→ **About this task**:
A verbatim repeat of the lines below is required, with the pictures removed.
START Records supplied
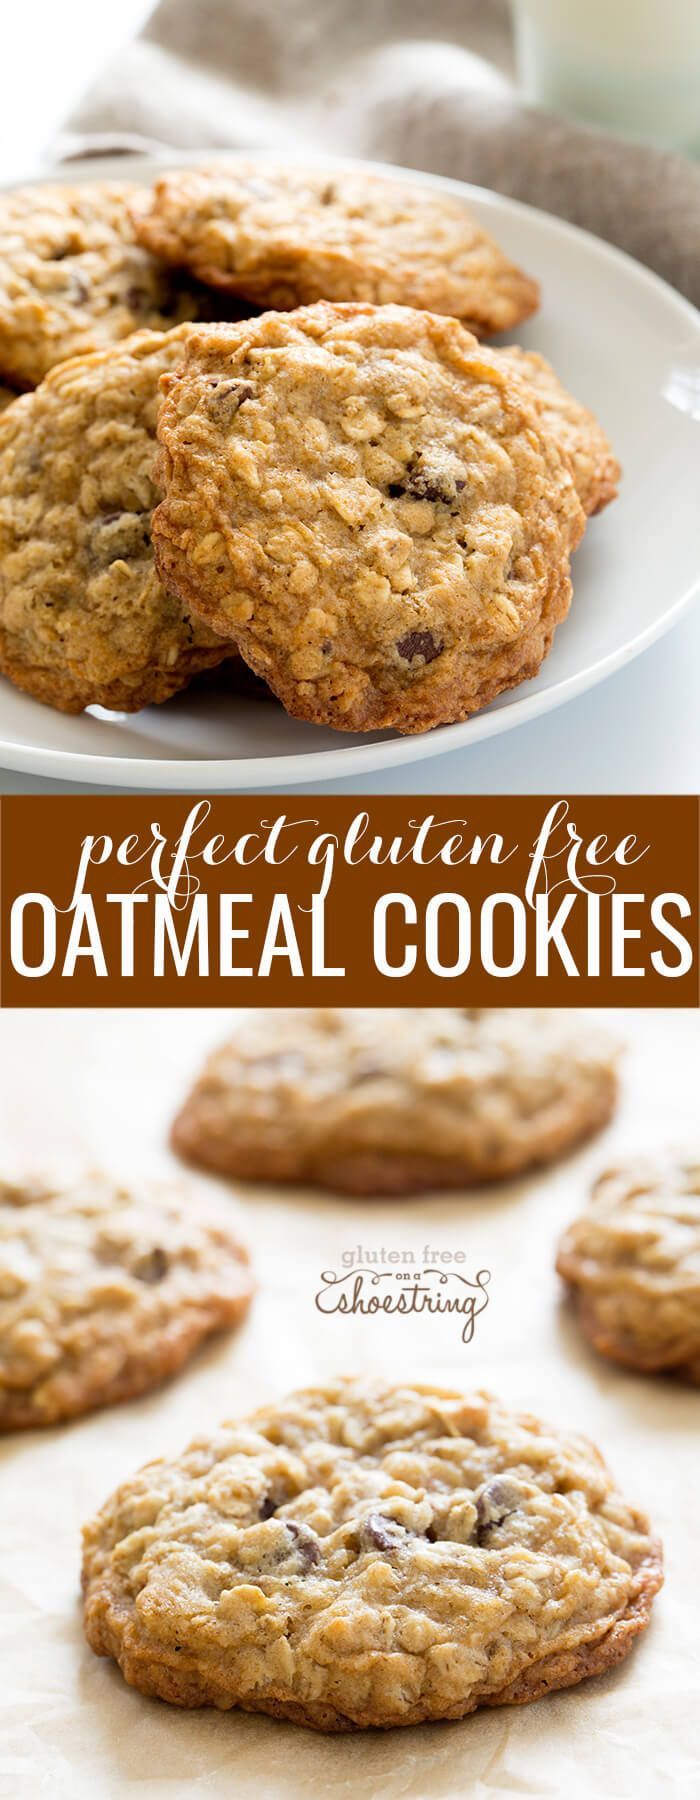 Gluten Free Oatmeal Cookies -   19 gluten free oatmeal
 ideas
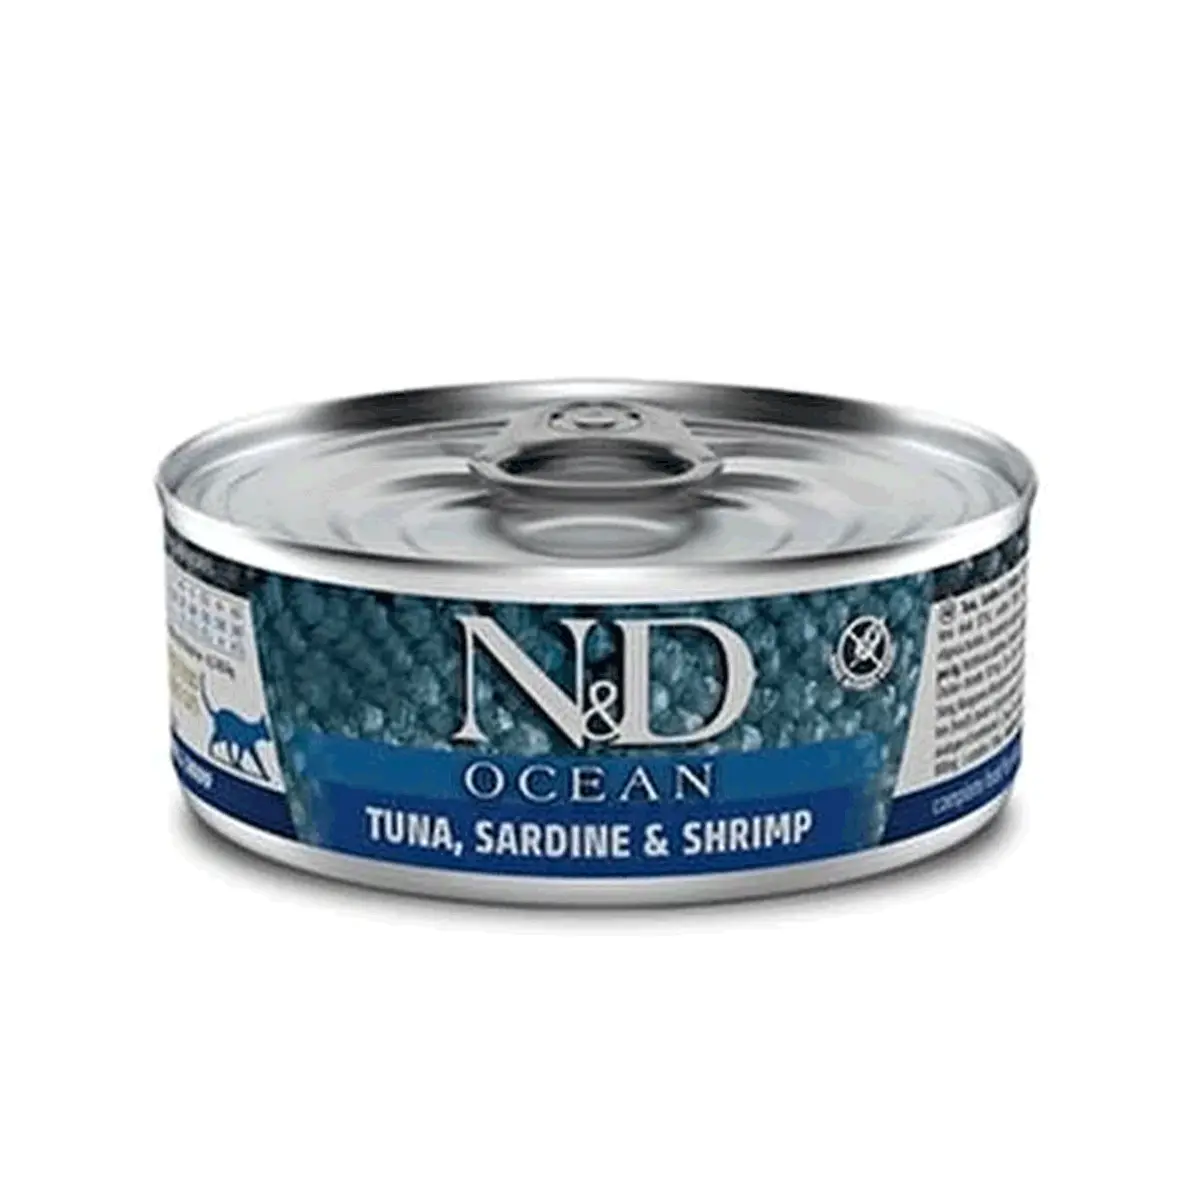 N&D Ocean Ton Balığı, Sardalya ve Karides Kedi Konservesi 24*70 Gr - Thumbnail
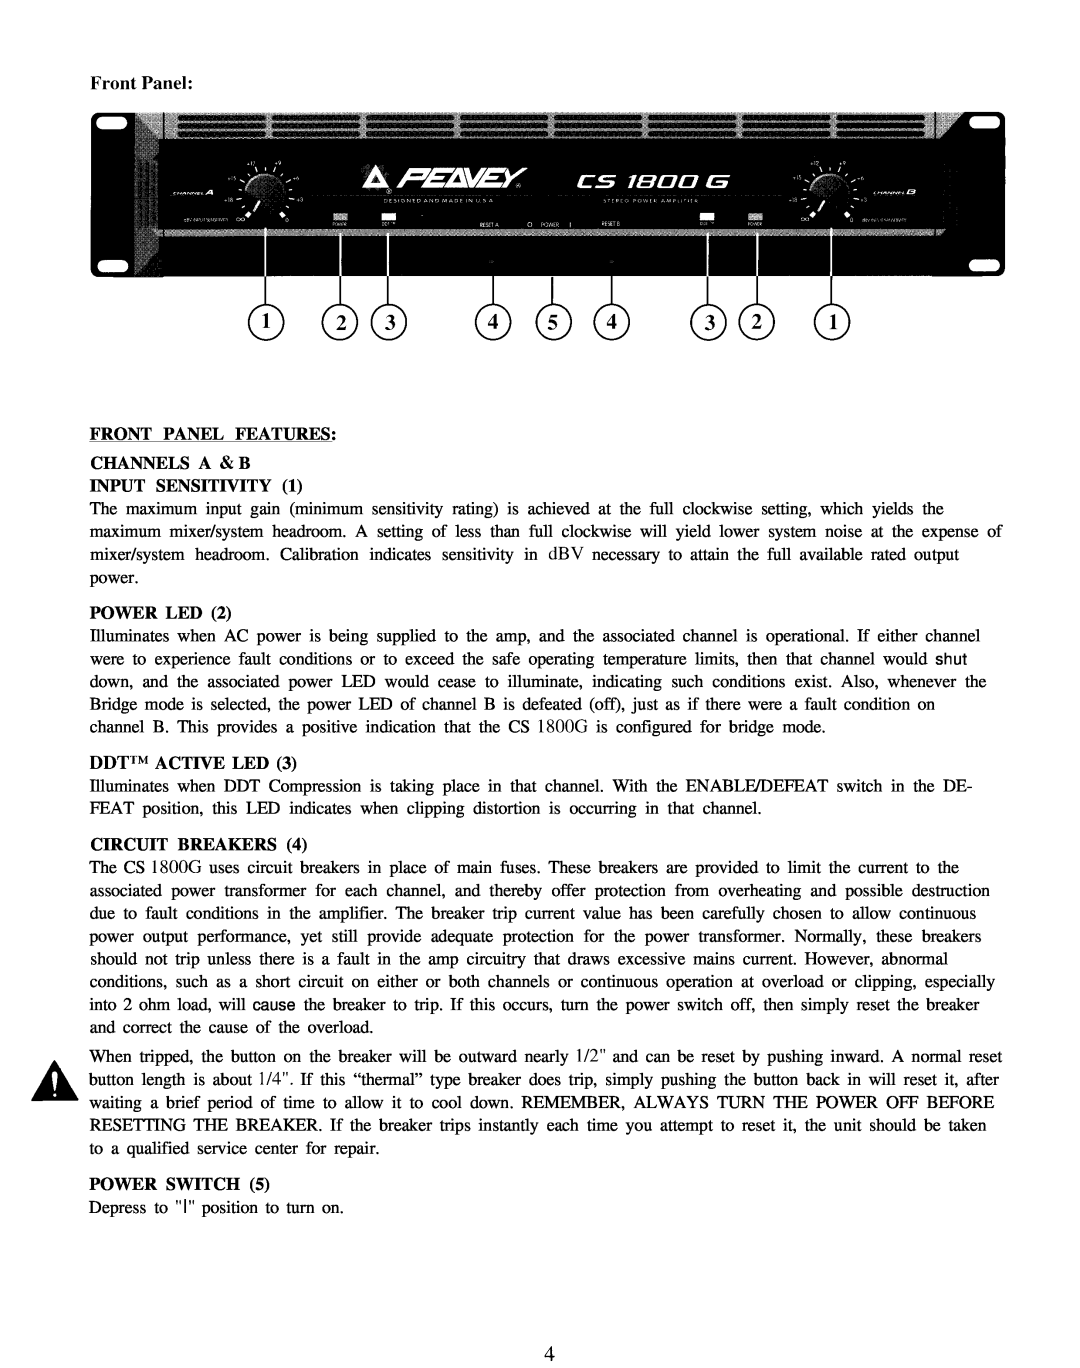 Peavey CS 1800G Front Panel Features Channels A & B, Input Sensitivity, Power Led, Ddttm Active Led, Circuit Breakers 
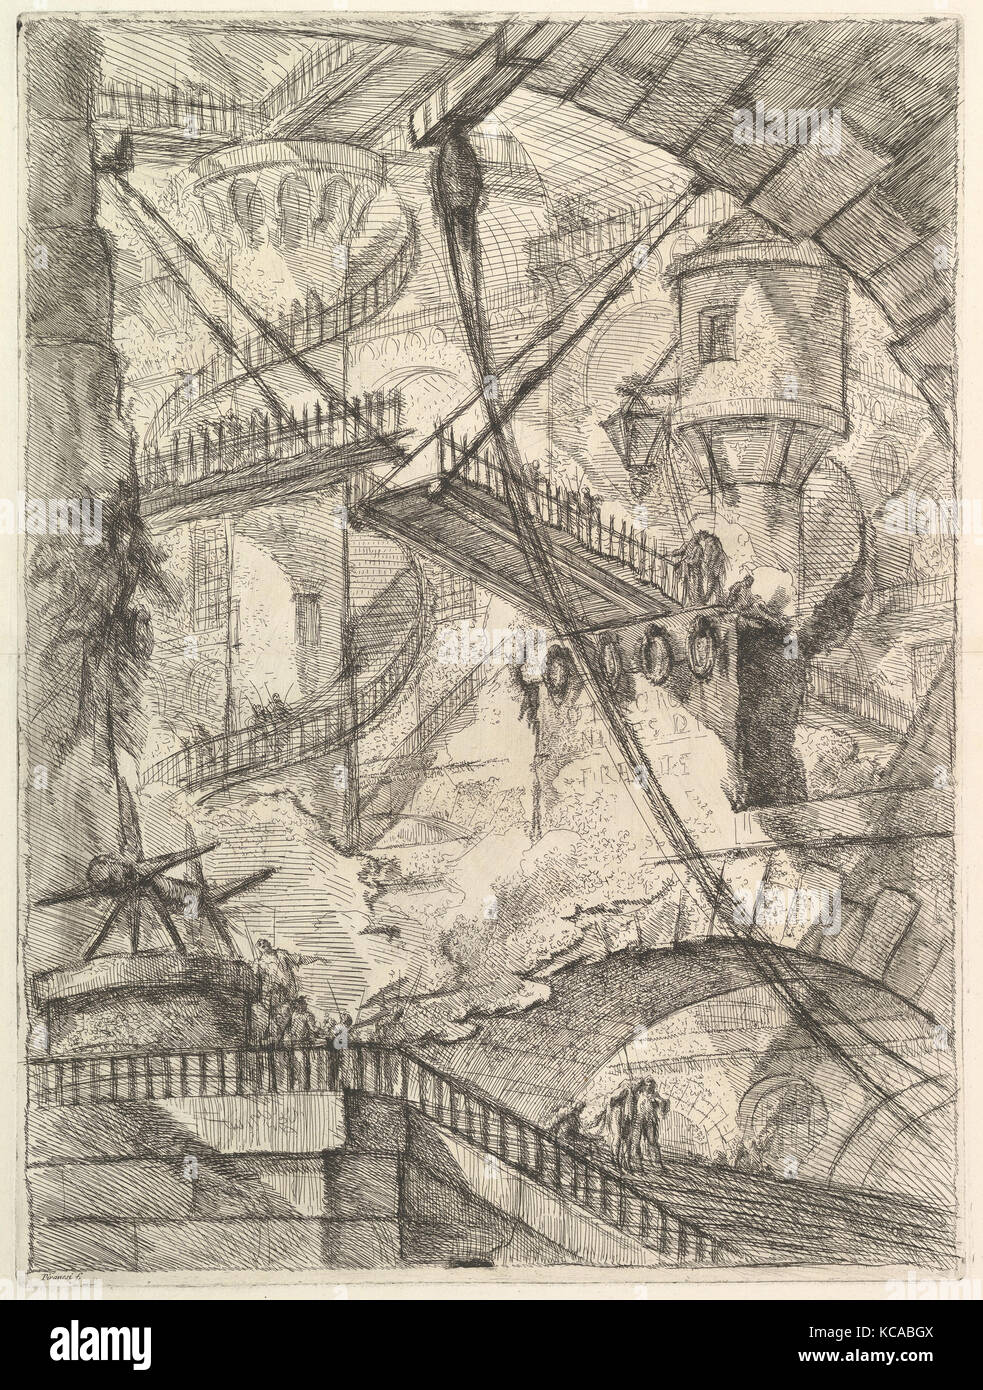 The Drawbridge, from Carceri d'invenzione (Imaginary Prisons), Giovanni Battista Piranesi, ca. 1749–50 Stock Photo
END Records supplied
→ **Output**:
 Gluten Free Oatmeal Cookies -   19 gluten free oatmeal
 ideas
 N&D Ocean Ton Balığı, Sardalya ve Karides Kedi Konservesi 24*70 Gr - Thumbnail
 Peavey CS 1800G Front Panel Features Channels A & B, Input Sensitivity, Power Led, Ddttm Active Led, Circuit Breakers 
 The Drawbridge, from Carceri d'invenzione (Imaginary Prisons), Giovanni Battista Piranesi, ca. 1749–50 Stock Photo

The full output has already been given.